The phospholipid bilayer sarcolemmal membrane that envelops cardiac myocytes presents the first line of defense for preserving cell viability following myocardial injury. Here we show that dysferlin null mice, which lack an effective membrane repair mechanism are more sensitive to I/R than WT mice, and undergo adverse LV remodeling secondary to sustained TIRAP-dependent inflammation within the infarct zone, resulting in increased myocyte cell death and increased infarct size. The following lines of evidence support this statement. First, I/R injury resulted in a significant increase in adverse cardiac remodeling in Dysf−/− mice, when compared to WT controls (Fig. 1B). Although the area at risk was not significantly different in the WT and Dysf−/− mice (Fig. 1A), the infarct size at 2 weeks was significantly greater in the Dysf−/− mouse hearts (Fig. 1E). Consistent with the increase in infarct size, we observed increased uptake of EBD in the Dysf−/− cardiac myocytes (Fig. 1F), suggesting that there was increased necrotic myocyte cell death in I/R injured Dysf−/− mouse hearts. Second, crossing the Dysf−/− mice with Tirap−/− mice resulted in decreased EBD uptake (Fig. 1F), decreased inflammation in the infarct zone (Fig. 2B,D), smaller infarct sizes (Fig. 1E), and less LV remodeling (Fig. 1B), when compared to Dysf−/− mice. The adverse LV remodeling in the Dysf−/− mice was not affected by reconstituting the bone marrow of the Dysf−/− mice with WT marrow (Supplemental Figure S2), demonstrating that the increased inflammation and adverse LV remodeling in Dysf–/– mice is mediated centrally and does not require Dysf–/- bone marrow derived hematopoietic cells.
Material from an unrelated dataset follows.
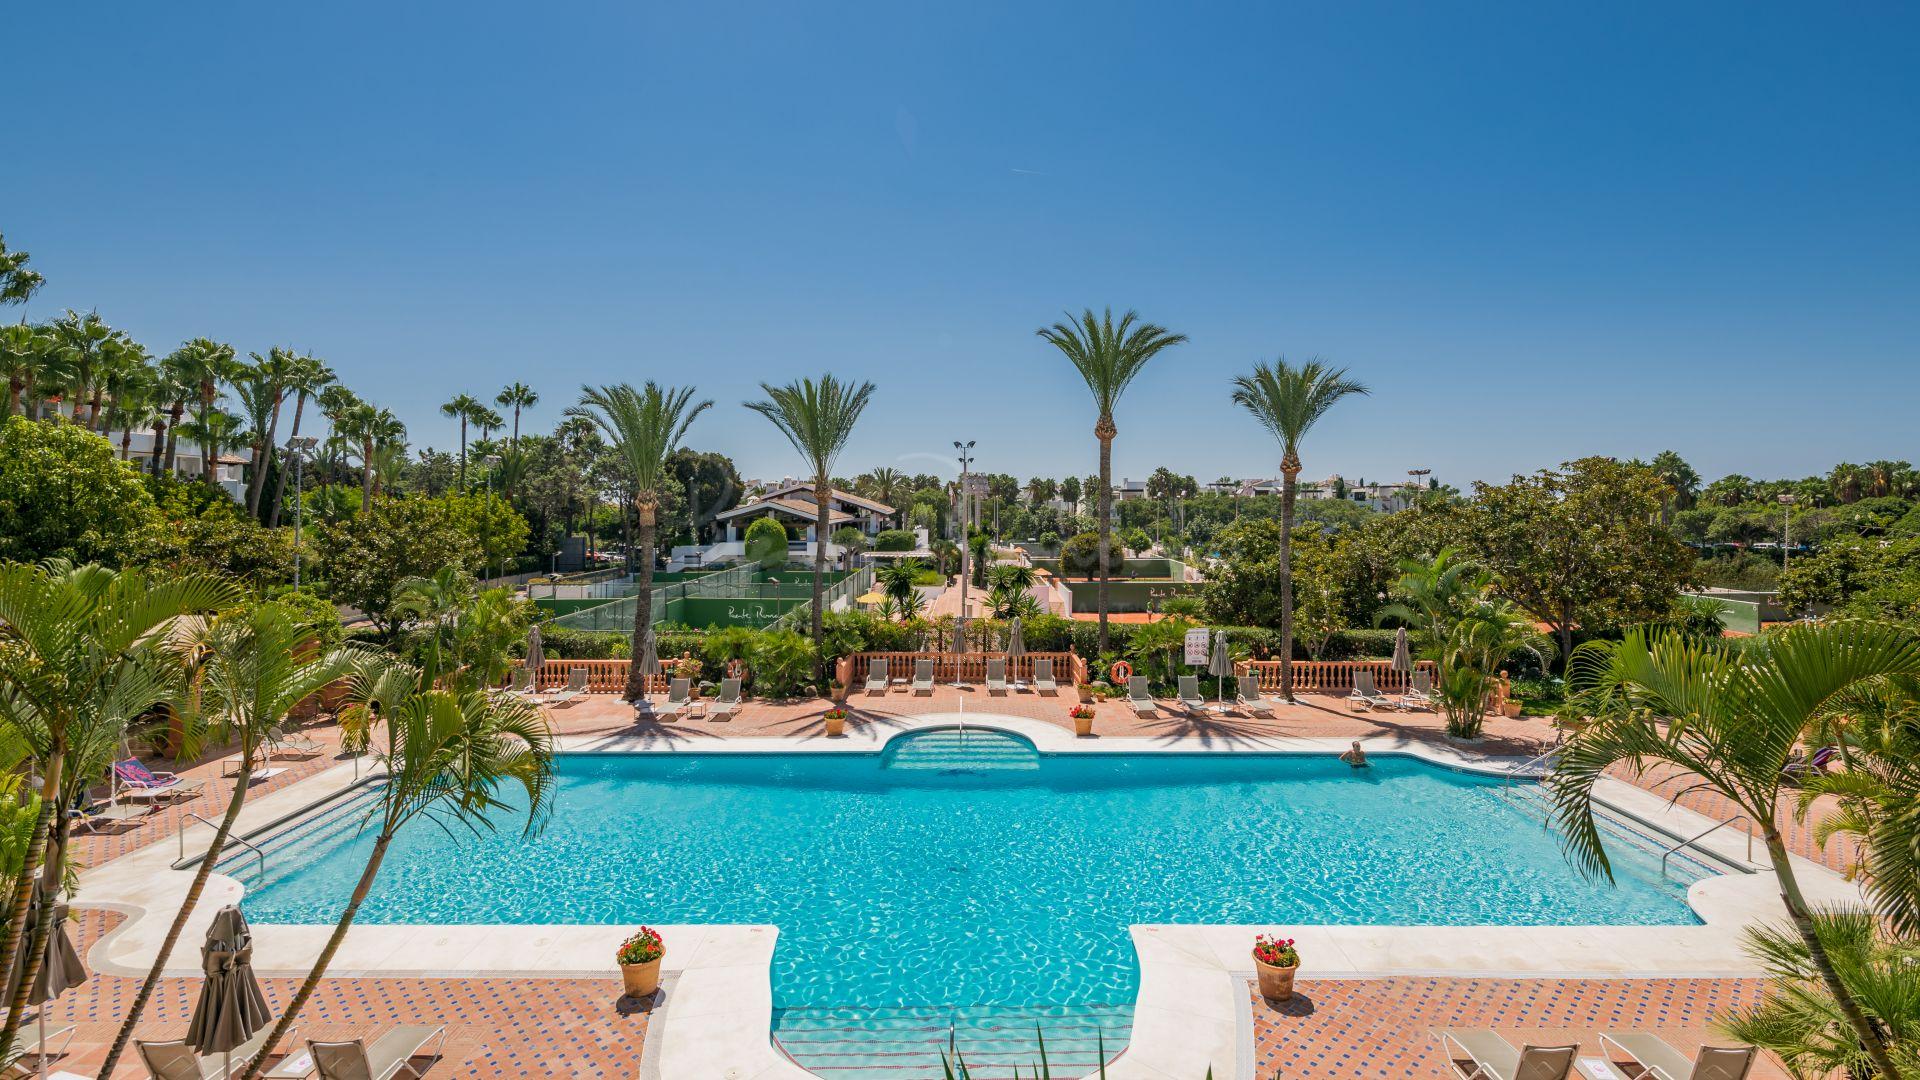 Apartment in Marina de Puente Romano, Marbella

The observation that the increased inflammation within the infarct zone of Dysf−/− hearts was abrogated in a TIRAP-deficient background (Fig. 2), suggests (but does not prove) that the inability to reseal membranes in injured Dysf–/- mouse hearts results in the ongoing release of intracellular molecules (e.g. DAMPs) that engage TLR2/TLR4 receptors on cardiac myocytes and resident immune cells within the infarct zone, leading to sustained inflammation. Similar findings have been observed in skeletal muscle of Dysf−/− mice13,20. Third, given that increased membrane permeability has been proposed as one of the mechanisms for increased tissue injury and inflammation in the Dysf−/− mice, we treated the Dysf−/− mice with P188, a non-ionic tri-block copolymer that has been shown to seal membranes, at the time of reperfusion. As shown in Figs. 3 and 4, although treatment with P188 prevented cardiac injury ex vivo, consistent with a prior report10, treatment with P188 did not decrease myocardial inflammation, nor attenuate adverse cardiac remodeling following I/R injury in vivo.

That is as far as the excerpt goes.